By contrast, his Transatlantic fame as one of the world’s greatest novelists must be as secure as ever, especially within and radiating out from academic circles: that is, if one may judge by the number of recent books, articles, monographs, studies, memoirs and so on listed in the Bibliography and Notes of this impressively thorough record of the life and work of one of the most disconcerting novelists in the history of fiction, whom Sartre once called ‘a lost soul’. America’s answer to Baudelaire? My guess is that unless the teaching of Amer. Lit. in the many universities I have known there since the 1950s has changed completely, thousands upon thousands of students are still being Faulknerised every year by clerks, presbyters, bishops and archbishops of Academe delighted to elucidate the not always pellucid intentions of the Master. I further guess that, in addition to employing their traditional techniques of Teutonic thoroughness and Jewish rationalism, they are also employing more than a little of that latent cultural nationalism first mooted by the regionalists of the Southern Agrarian School of the Twenties. That movement is now probably best remembered by the outstanding writers associated with it, such as Robert Penn Warren (All the King’s Men), John Crowe Ransom, Allen Tate, even Robert Lowell, who literally pitched his tent on Tate’s lawn.
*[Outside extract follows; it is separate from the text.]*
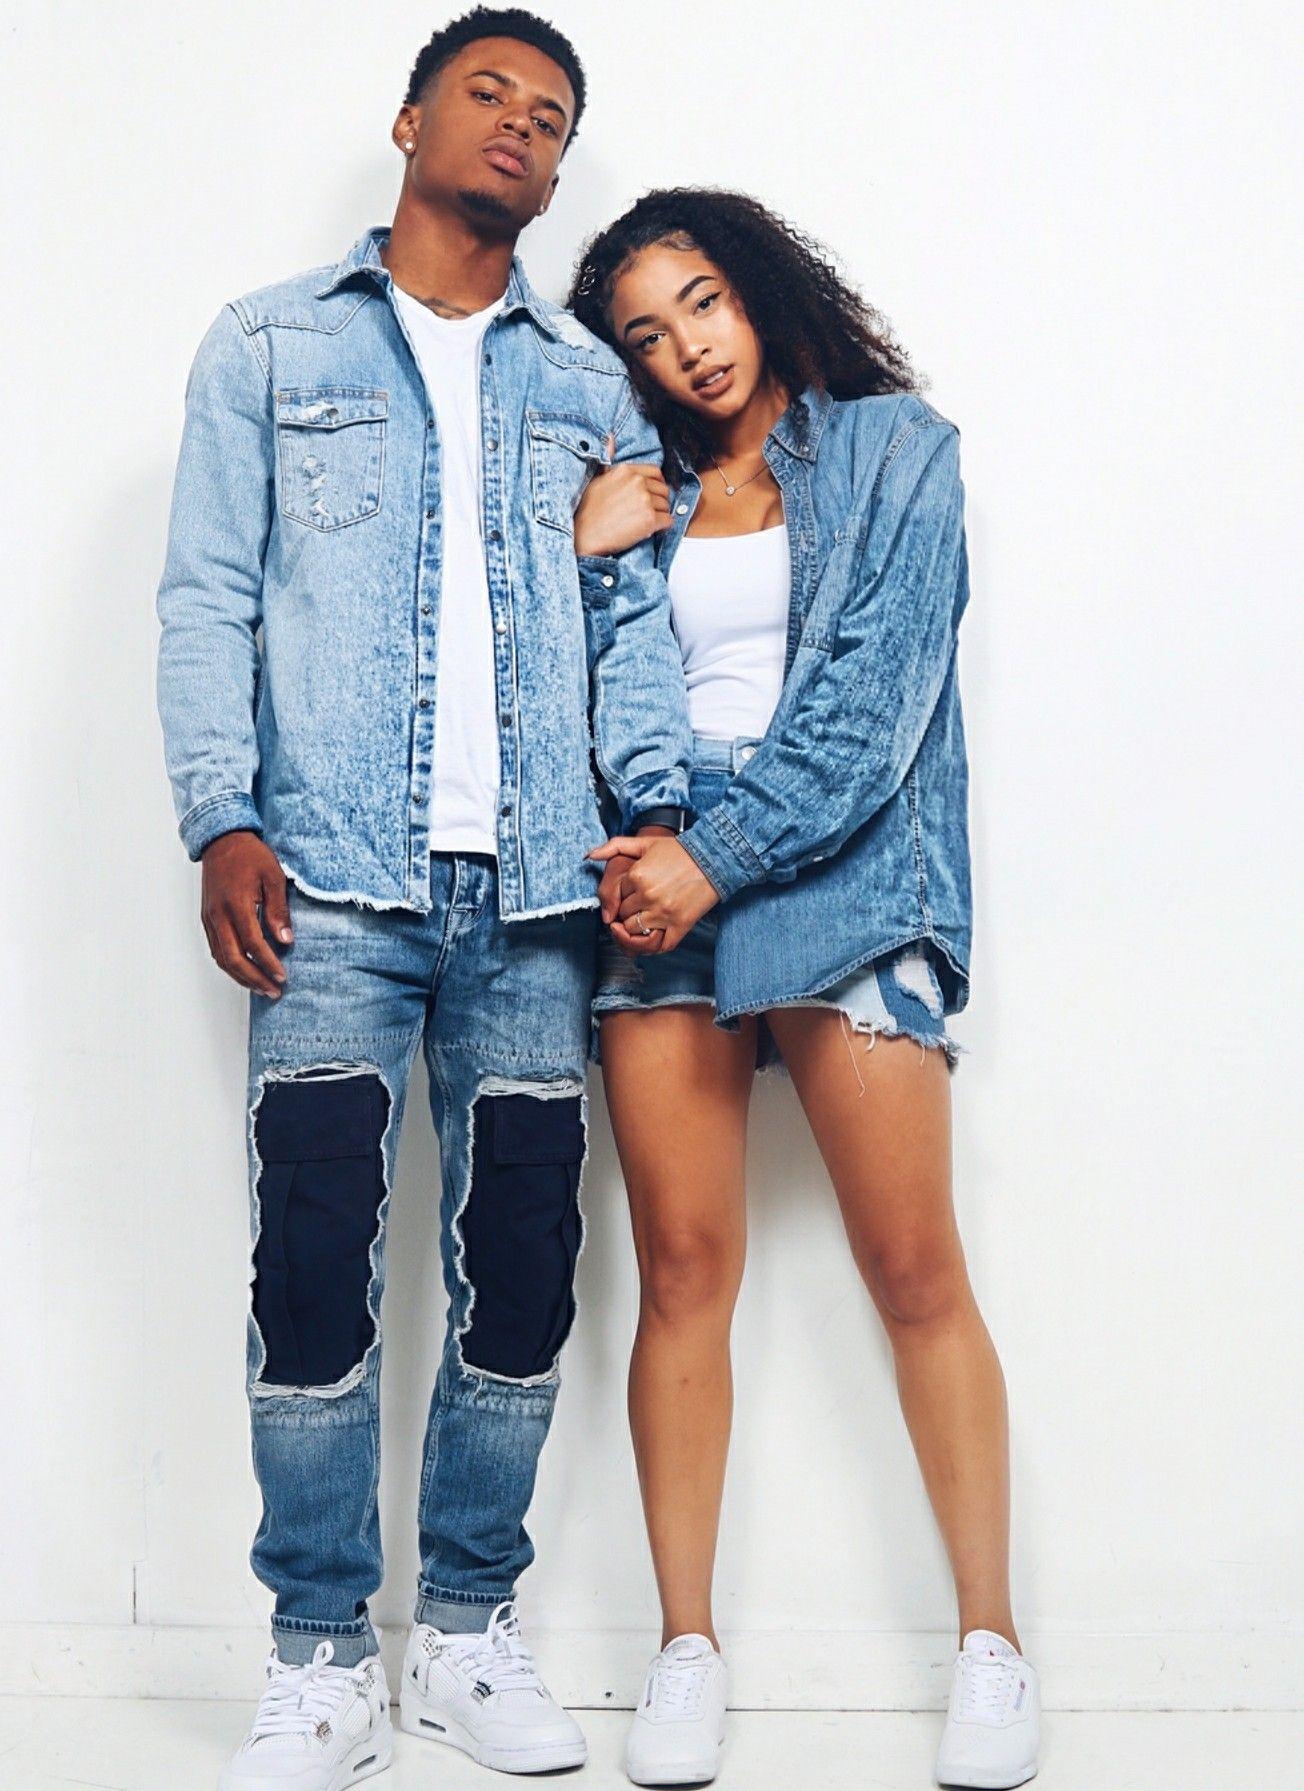 Taraivia Black Couples Goals Black Love Couples Cute Couples Goals

All of these must have responded warmly to Robert Frost’s patriotic poem ‘The Gift Outright’:

ours before we were the land’s.
She was our land more than a hundred years
Before we were her people. She was ours
In Massachusetts, in Virginia,
But we were England’s, still colonials,
Possessing what we still were unpossessed by –

still withholding something from their land that made their love weak. It is a sentiment that still inspires sophisticated seekers after the purely indigenous origins of American fiction, as in the work of Richard Poirier (A World Elsewhere) or R.W.B. Lewis (The American Adam). One can see how smoothly Faulkner’s concentration on one obscure corner of Mississippi fits into this regionalist-patriotic pattern.
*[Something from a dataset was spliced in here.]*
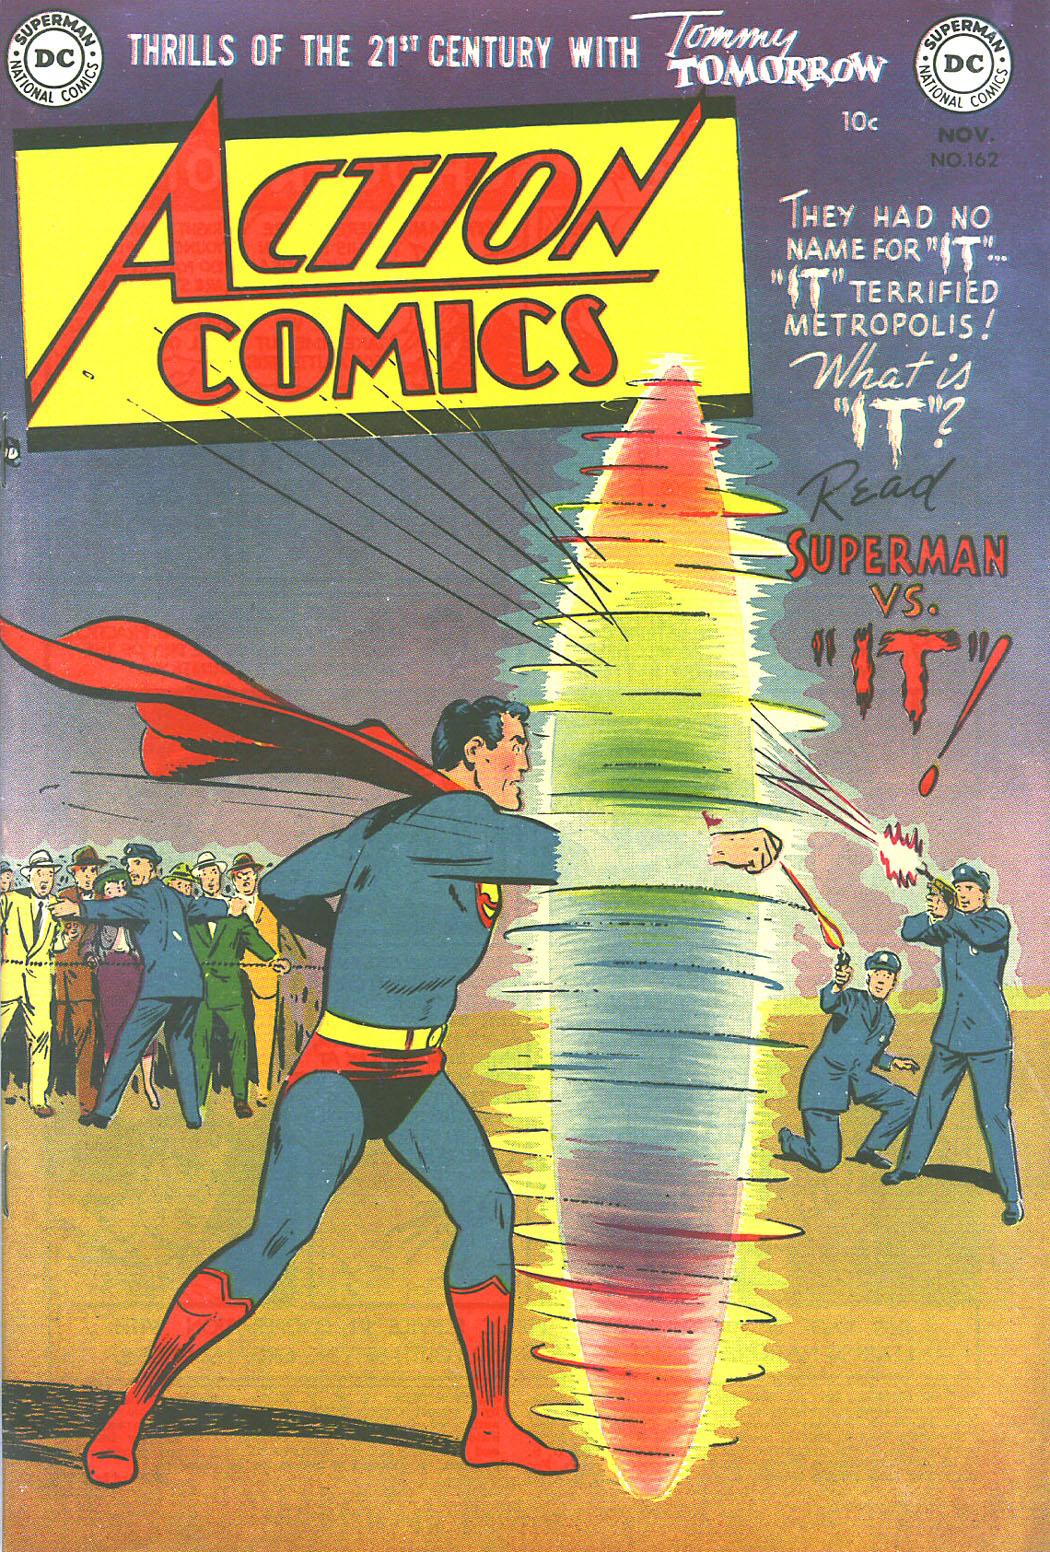 Action Comics (1938) 162 Page 1

His latest biographer says on his first page: ‘He is our great provincial.’ The sentence rumbles proudly. ‘Waal? I suppose you fellas up North all still think great writing can only thrive on big cities?’ It would not, of course, be a question meant to be taken seriously. Hardy, Gogol, Twain, Jane Austen, Synge, Hawthorne. But – it may as well be said at once – the adjective ‘great’ and its noun ‘greatness’ do occur too often in this otherwise wholly admirable book. Punches are pulled. Patent failures like the early Soldier’s Pay is ‘youthfully glamorous’; Mosquitoes is quite properly dismissed as ‘trashily smart’, but Sanctuary is benignly described as ‘bleak’; the unlikely, incredible, badly-constructed and indeed rather silly Wild Palms as ‘flawed’; and Professor Minter is more than indulgent in presenting The Sound and the Fury as a ‘masterpiece’ – Bill Faulkner, though he worshipped at least one of its characters, the girl Candace, bluntly called the whole novel ‘a grand failure’.